The basic idea behind curve fitting is to minimize the difference between the experimental data and the model fit. This difference is quantified by Eq. (27), and is the sum of squared differences. The chisq statistic is zero if the fit is identical to the data, and it becomes larger as the fit becomes more and more different to the data. We want to choose the parameters to minimize chisq, and thus minimize the difference between the data and the fit.
Traditional optimization methods work with chisq directly, and seek to minimize its value. BrainTrak uses a somewhat different approach. Instead of using chisq directly, we consider the 'likelihood' of the parameters by using exp(-chisq/2) as per Eq. (30). This measure is maximized when chisq is zero (perfect fit) and approaches zero as the fit becomes worse and worse. Criticially, unlike chisq itself, the likelihood is bound between 0 and 1. The likelihood is defined for all possible model parameters.
We can then interpret the likelihood as a probability distribution. However, the normalization is unknown, because the integral of Eq. (30) over all parameters will almost certainly not be 1. In addition, we also do not know the analytic form of L(x) beyond being able to evaluate it via chisq for individual sets of parameters. Both of these problems can be solved by using the Metropolis-Hastings algorithm, a form of Markov Chain Monte Carlo (MCMC) sampling. For our purposes, the role of MCMC sampling is to draw samples from an unknown probability distribution - and that distribution does not need to be normalized. The MCMC algorithm will thus generate more samples for parameters where the probability is high, and less samples where the probability is low. The distribution of the sampled points is the same as the distribution of the unknown distribution. In our case, the unknown distribution is Eq. (30). The MCMC algorithm will return many thousands of parameter combinations. There will be many parameter sets where the fit is good, and fewer parameter sets where the fit is poor. The distribution in Eq. (30) can be estimated by looking at the distribution of the sampled parameters. Don't forget that this distribution corresponds to the goodness of fit, and thus gives us information about the quality of the fit and the uncertainty in the fitted parameters.

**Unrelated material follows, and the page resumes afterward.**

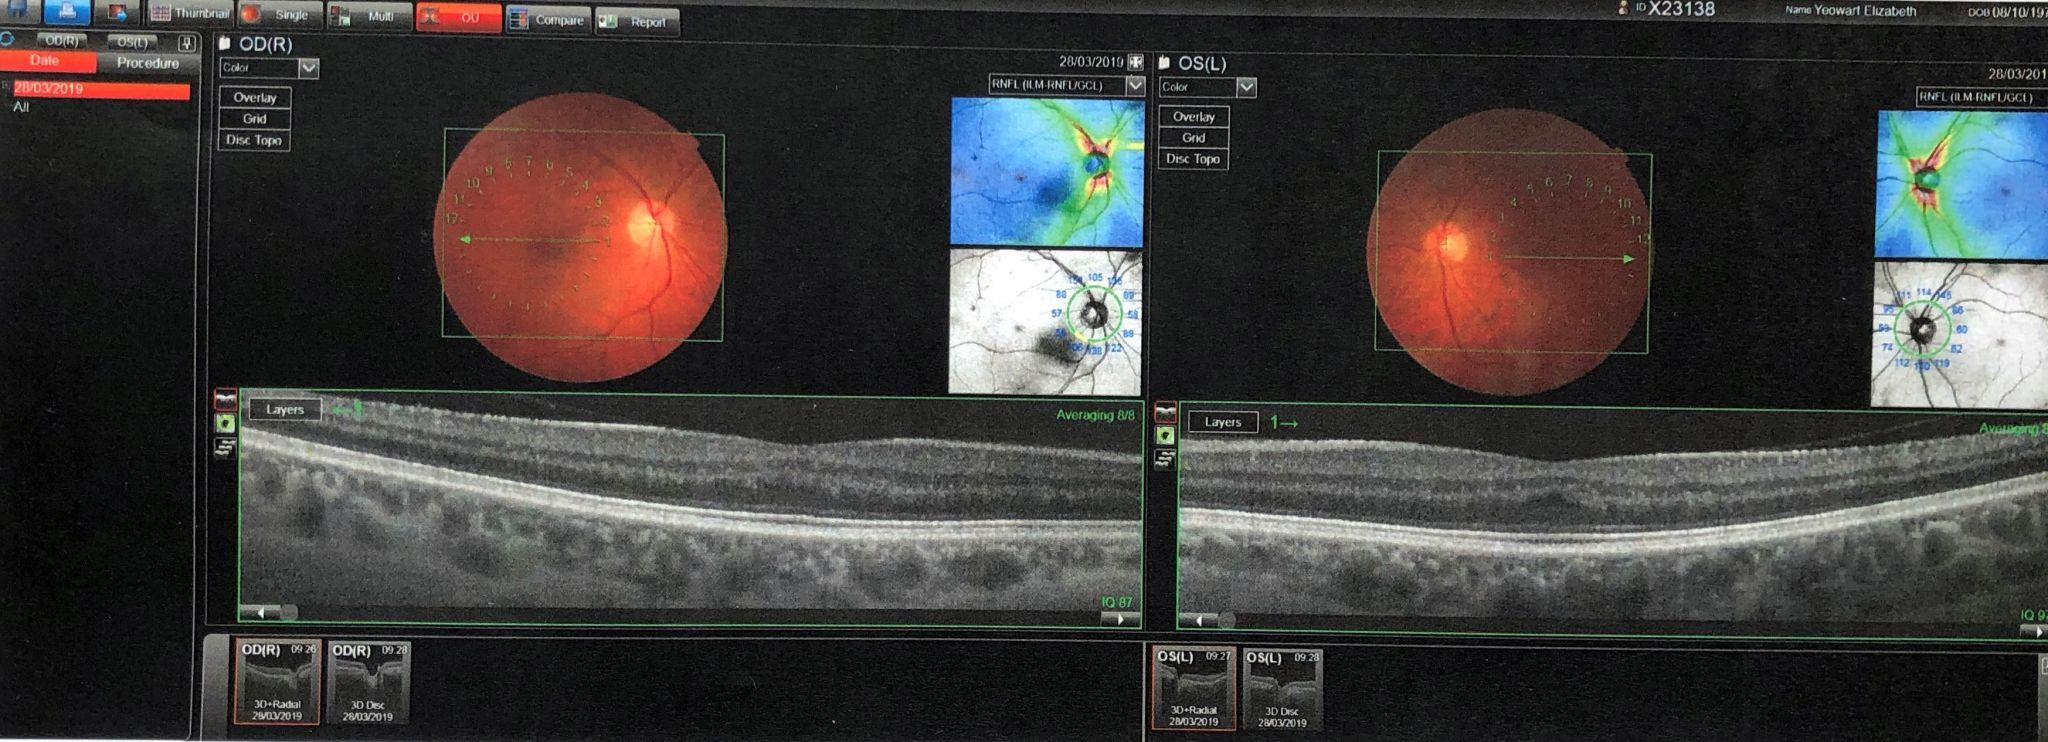 optical equipment used in eye examination

The distribution in Eq. (30) is a joint distribution for all of the model parameters. That is, it reflects all of the correlations and interdependences in the parameters. We can construct marginal distributions for individual parameters by integrating the distribution over all of the 'nuisance' parameters (that is, all of the parameters we are not interested in). As shown in the figure below, the samples are the black dots, one contour from the joint distribution is shown in green, and then the marginal distributions for each of the individual parameters are shown in red and blue. BrainTrak returns the samples themselves, which means that the joint distribution or any of the possible marginal distributions can all be computed.
The MCMC algorithm essentially simulates a random walk. A 'proposal distribution' is used to generate a proposed step for the walker. The step is accepted with a probability that depends on the ratio of the probability of the current position and the proposed step, such that improvements are always accepted, and worse steps are accepted with a probability proportionate to the ratio of the goodness of fits for the two points. In other words
- Compute the probability for the current step using Eq. (29).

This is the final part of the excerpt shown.